The Radeon RX 8900 XTX, a new flagship graphics card that many enthusiasts had assumed would be leading AMD’s upcoming generation of RDNA 4 graphics cards, probably won’t be happening any time soon, if ever, according to new comments that Jack Huynh, AMD’s senior vice president and general manager of the Computing and Graphics Business Group, shared at IFA 2024 in Berlin, Germany. Huynh, who was pressed for information about AMD’s future plans amid whispers of the company having canceled its upper-tier Radeon RX 8000 Series GPUs, seemingly confirmed those rumors, admitting that it will no longer go after the flagship market and, instead, focus on lower-range products to grow its market share and appeal among developers in the consumer space.
Huynh said:
- “Do I want to go after 10% of the TAM [Total Addressable Market] or 80%? I’m an 80% kind of guy because I don’t want AMD to be the company that only people who can afford Porsches and Ferraris can buy. We want to build gaming systems for millions of users.”

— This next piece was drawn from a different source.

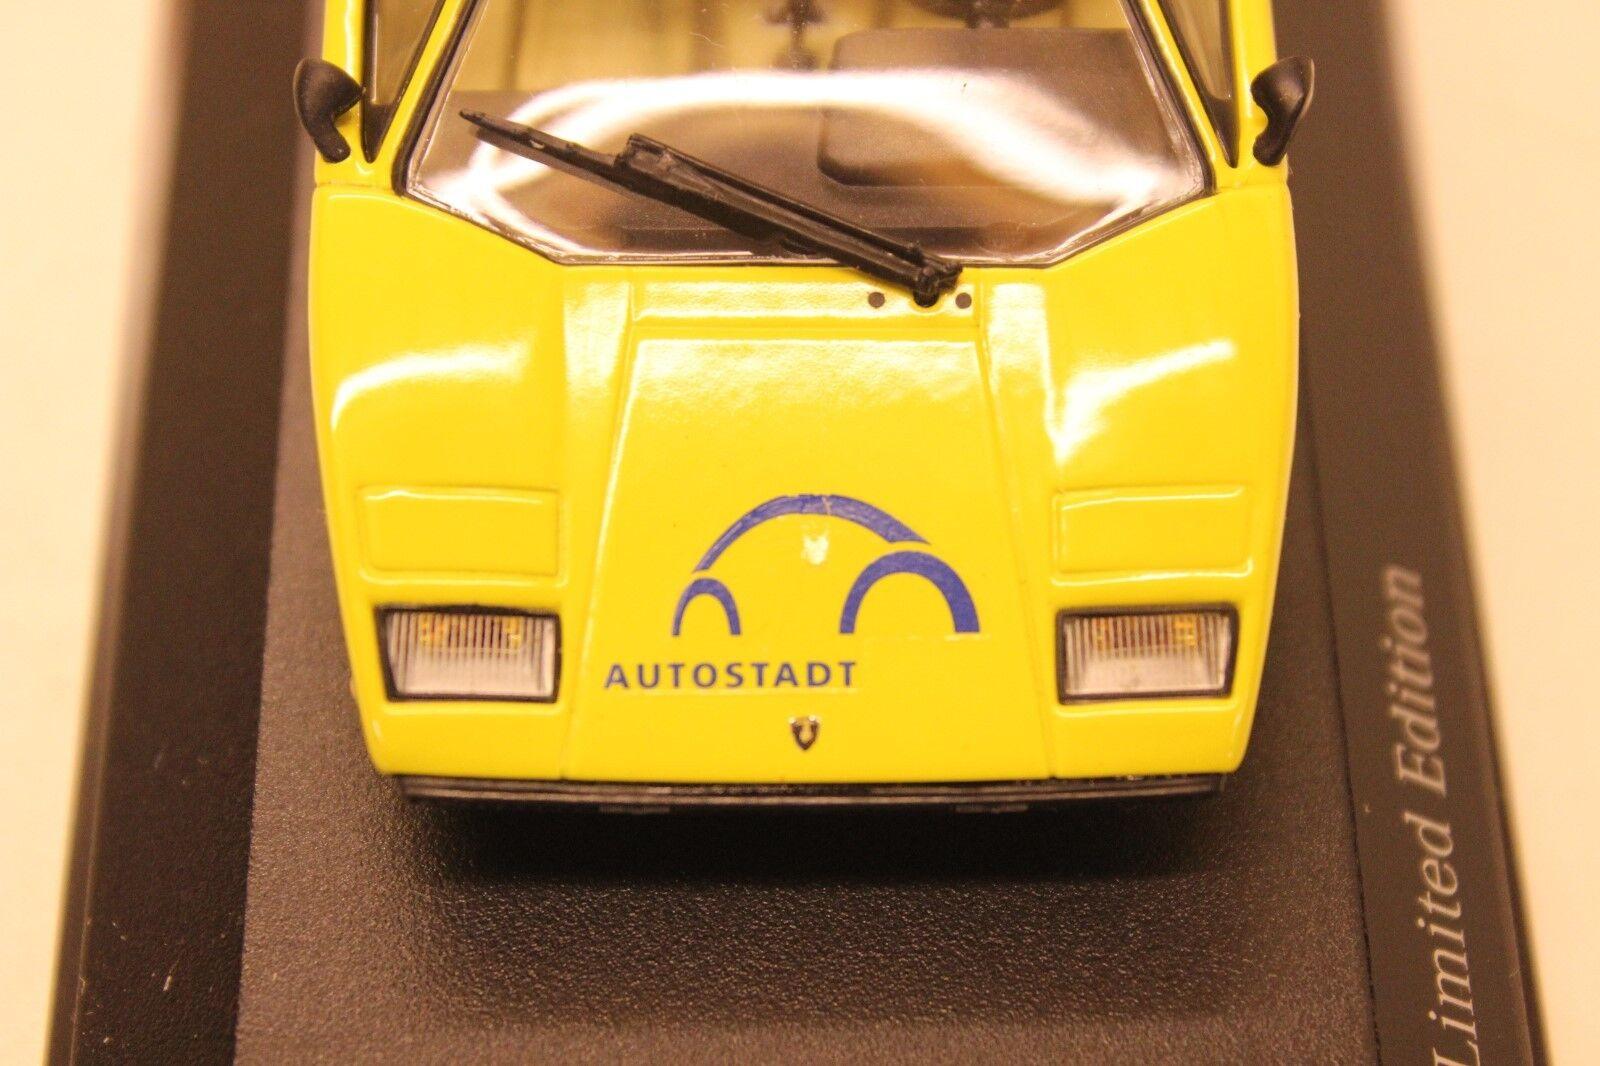 Minichamps Autostadt LAMBOURGHINI LAMBOURGHINI LAMBOURGHINI 1 de 400 un. individuay Numerada Ultra Raro 45664a

- “…we tried that strategy [King of the Hill] — it hasn’t really grown. ATI has tried this King of the Hill strategy, and the market share has kind of been…the market share. I want to build the best products at the right system price point. So, think about price point-wise; we’ll have leadership.”
- “One day, we may [go after the flagship market]. But my priority right now is to build scale for AMD. Because without scale right now, I can’t get the developers. If I tell developers, ‘I’m just going for 10 percent of the market share,’ they just say, ‘Jack, I wish you well, but we have to go with Nvidia.’”

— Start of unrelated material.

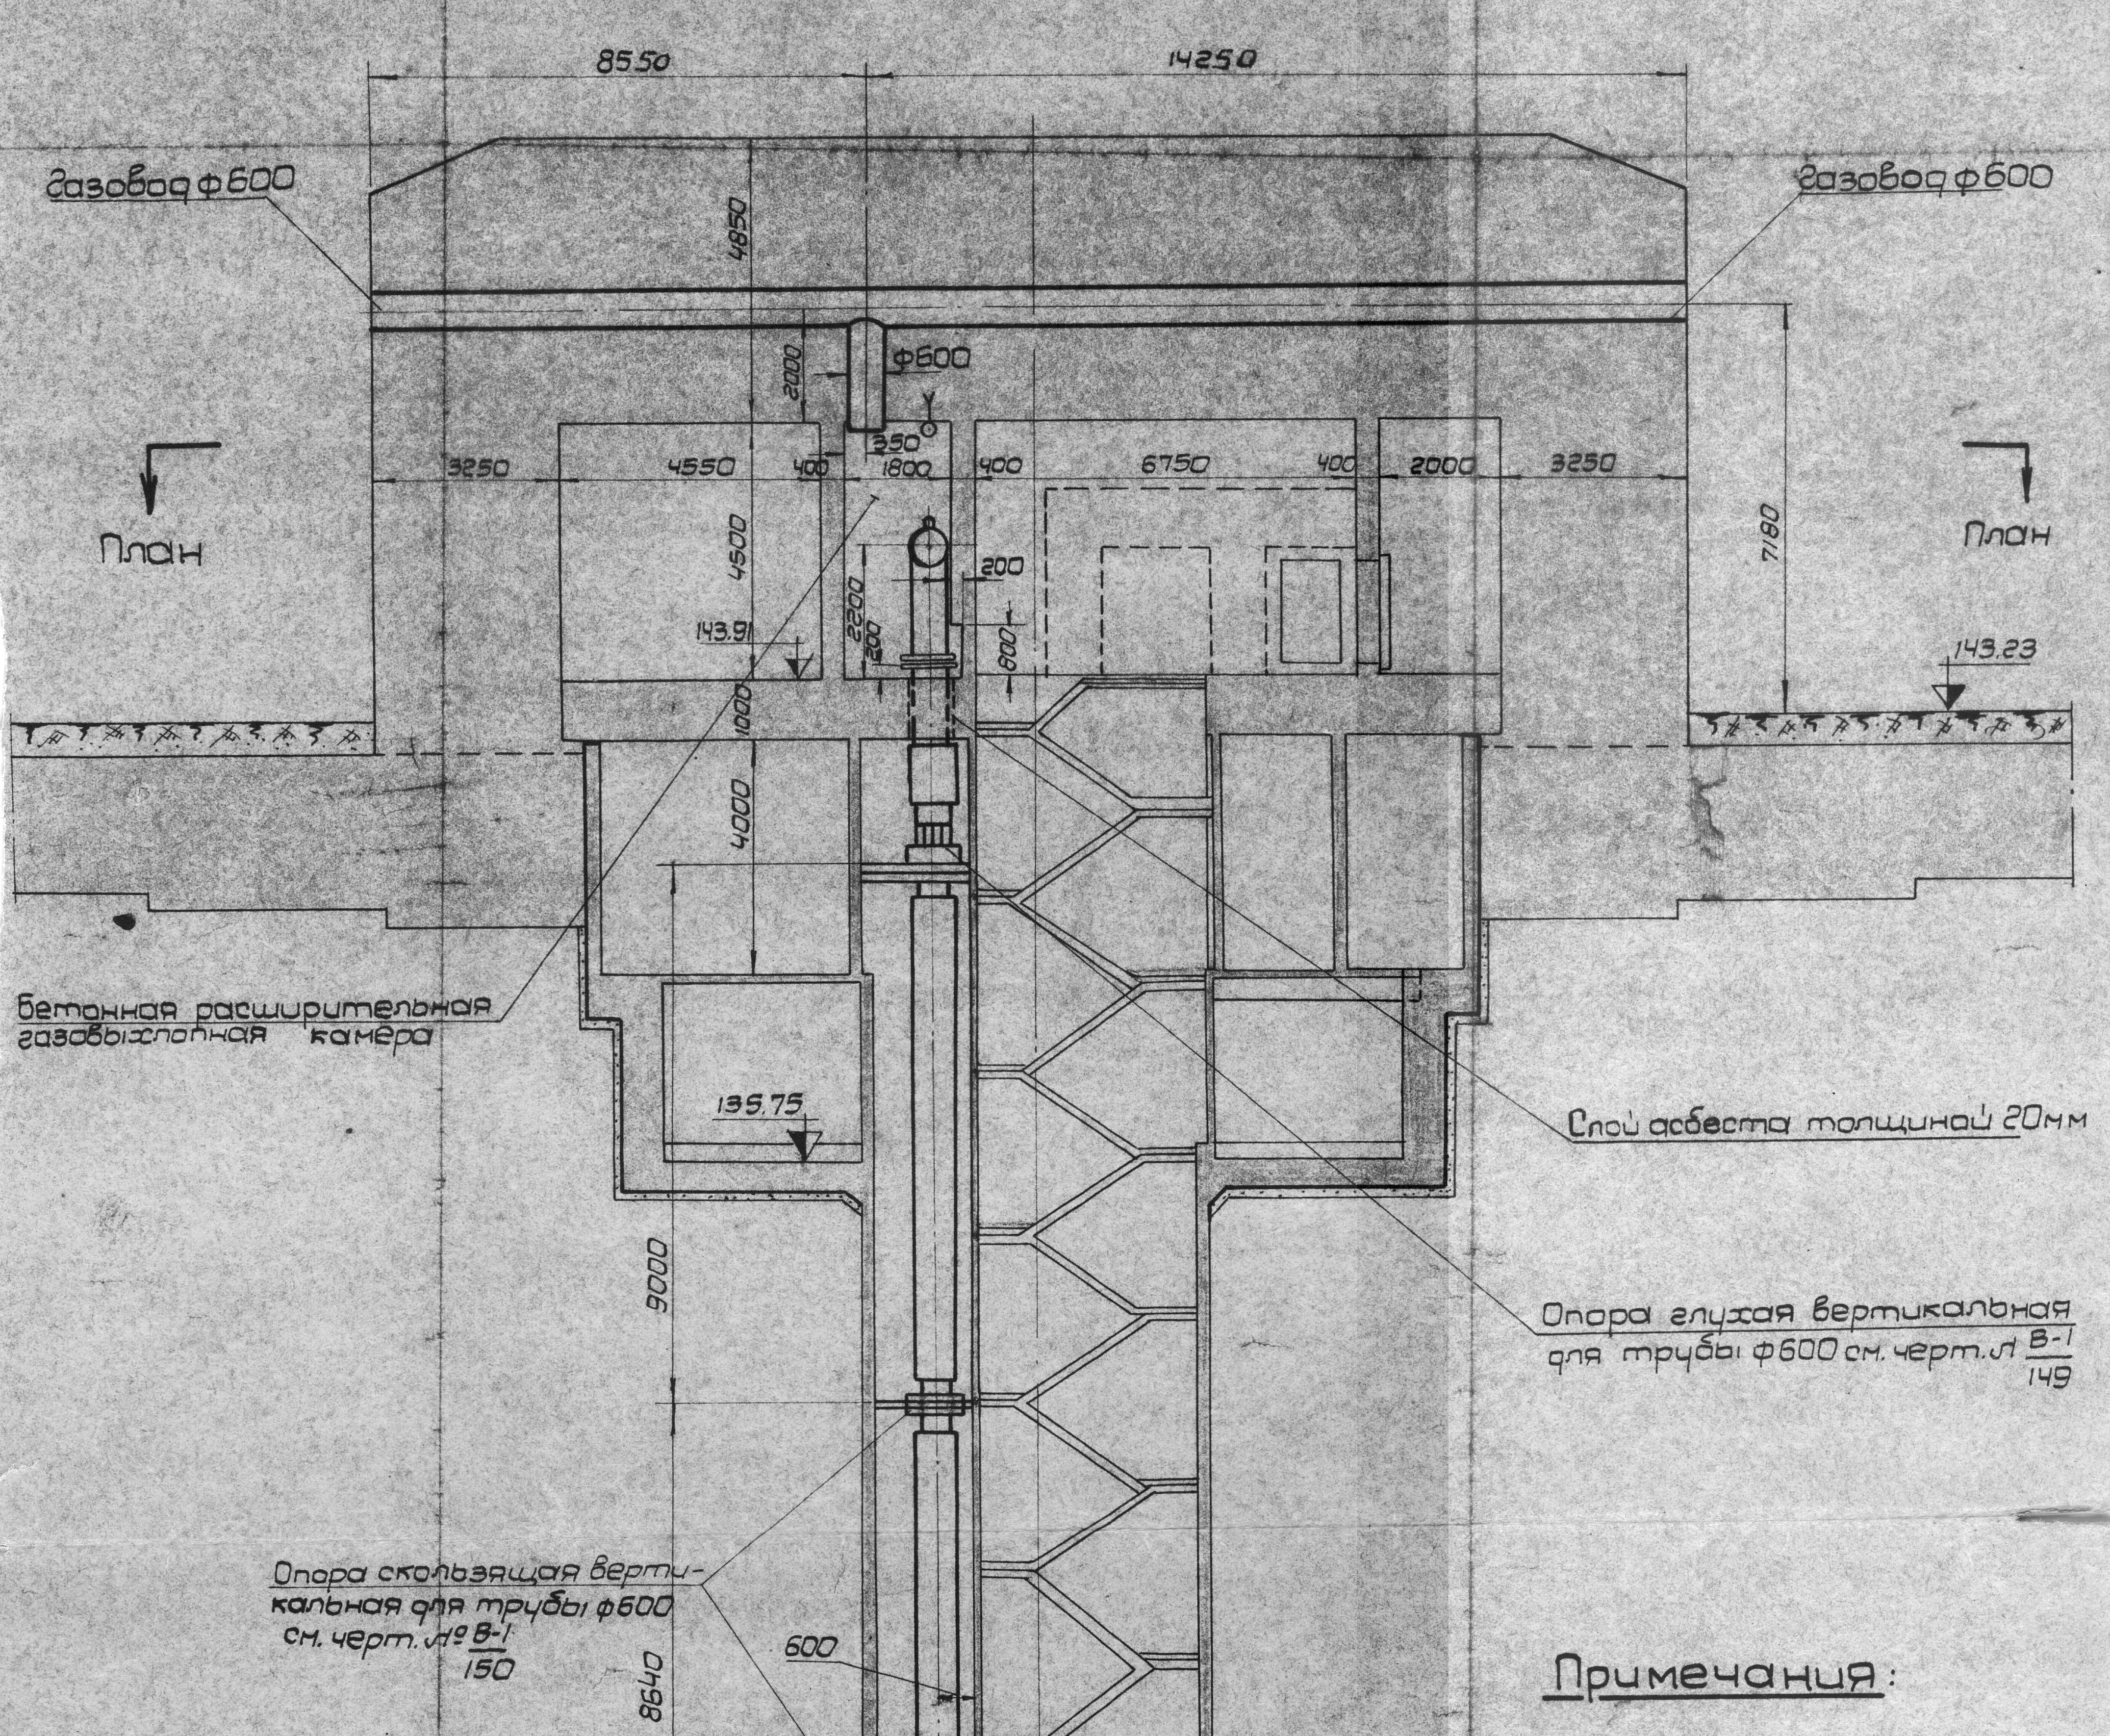 Объект ЧЗ-293, «бетонный колпак» против «верхнего ходка»

- “Of course, [for the data center we’re still planning for King of the Hill] because that’s performance-per-dollar. Even Microsoft said Chat GPT4 runs the fastest on MI300. Here’s the thing: In the server space, when we have absolute leadership, we gain share because it is very TCO-based [Total Cost of Ownership].”
- “In the client space, even when we have a better product, we may or may not gain share because there’s a go-to-market side, and a developer side; that’s the difference.”

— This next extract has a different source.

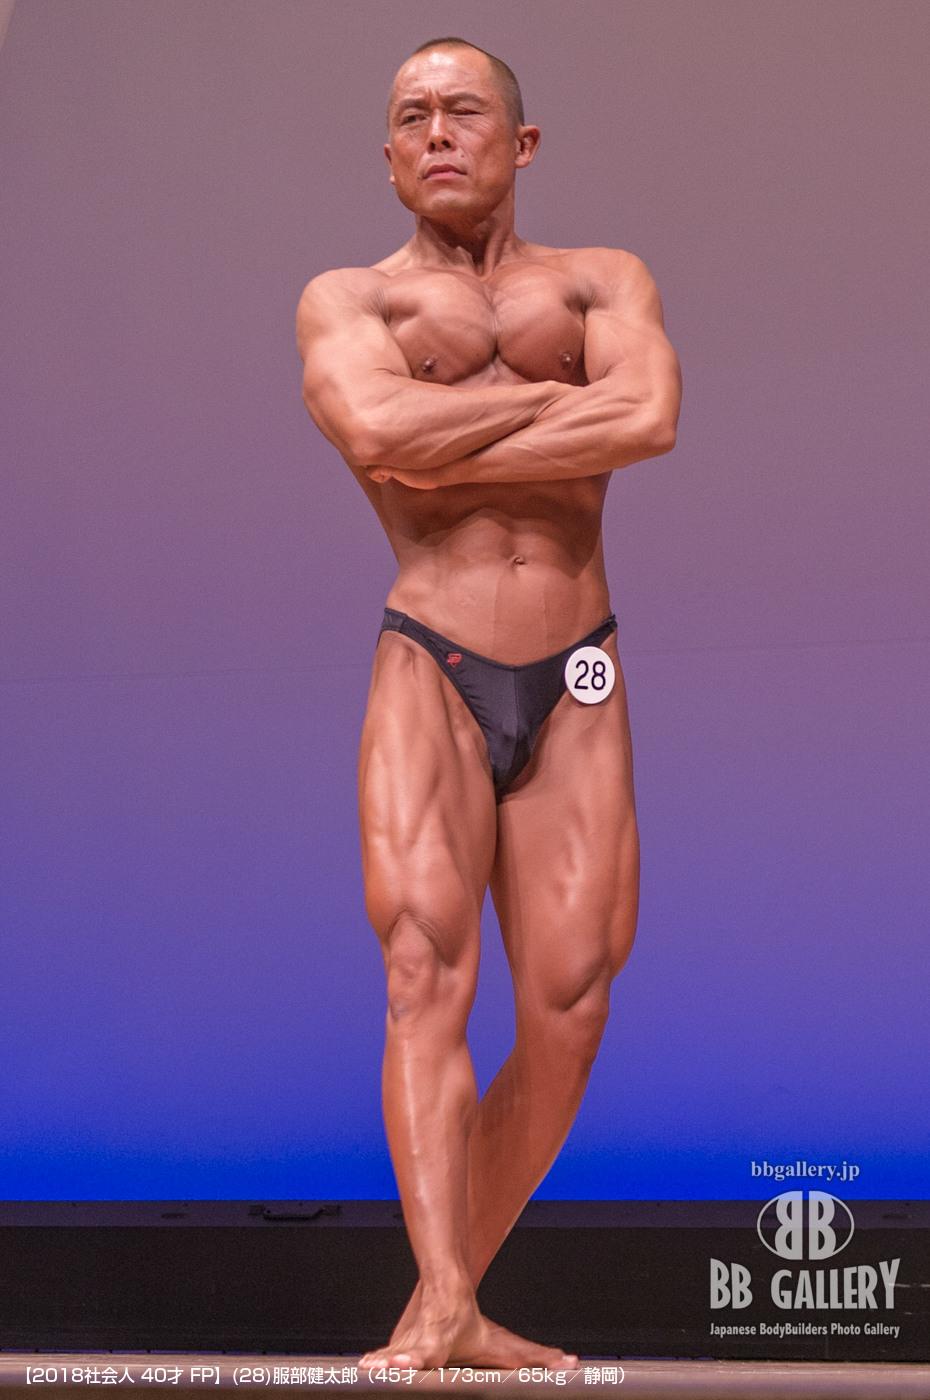 【2018社会人 40才 FP】(28)服部健太郎(45才/173cm/65kg/静岡)

A look at the Radeon RX 7000 Series, which includes several flagship models:
Name | Compute Units | Ray Accelerators | AI Accelerators | Game Frequency | AMD Infinity Cache Technology | Max Memory Size |
---|---|---|---|---|---|---|
AMD Radeon RX 7900 XTX | 96 | 96 | 192 | 2300 MHz | 96 MB | 24 GB |
AMD Radeon RX 7900 XT | 84 | 84 | 168 | 2000 MHz | 80 MB | 20 GB |
AMD Radeon RX 7900 GRE | 80 | 80 | 160 | 1880 MHz | 64 MB | 16 GB |
AMD Radeon RX 7800 XT | 60 | 60 | 120 | 2124 MHz | 64 MB | 16 GB |
AMD Radeon RX 7700 XT | 54 | 54 | 108 | 2171 MHz | 48 MB | 12 GB |
AMD Radeon RX 7600 XT | 32 | 32 | 64 | 2470 MHz | 32 MB | 16 GB |
AMD Radeon RX 7600 | 32 | 32 | 64 | 2250 MHz | 32 MB | 8 GB |
From a report:
…Nvidia has a stranglehold on discrete gaming GPUs with performance leadership and 88% of the market share, while AMD holds just 12% of the market.
We won’t know the final verdict on AMD’s decisions for its next-gen RDNA 4 Radeon RX 8000 lineup until launch, which is expected to come later this year or early next year. However, given the typical long lead times for chip design and final production, it’s a safe bet that AMD’s decision is already set in stone.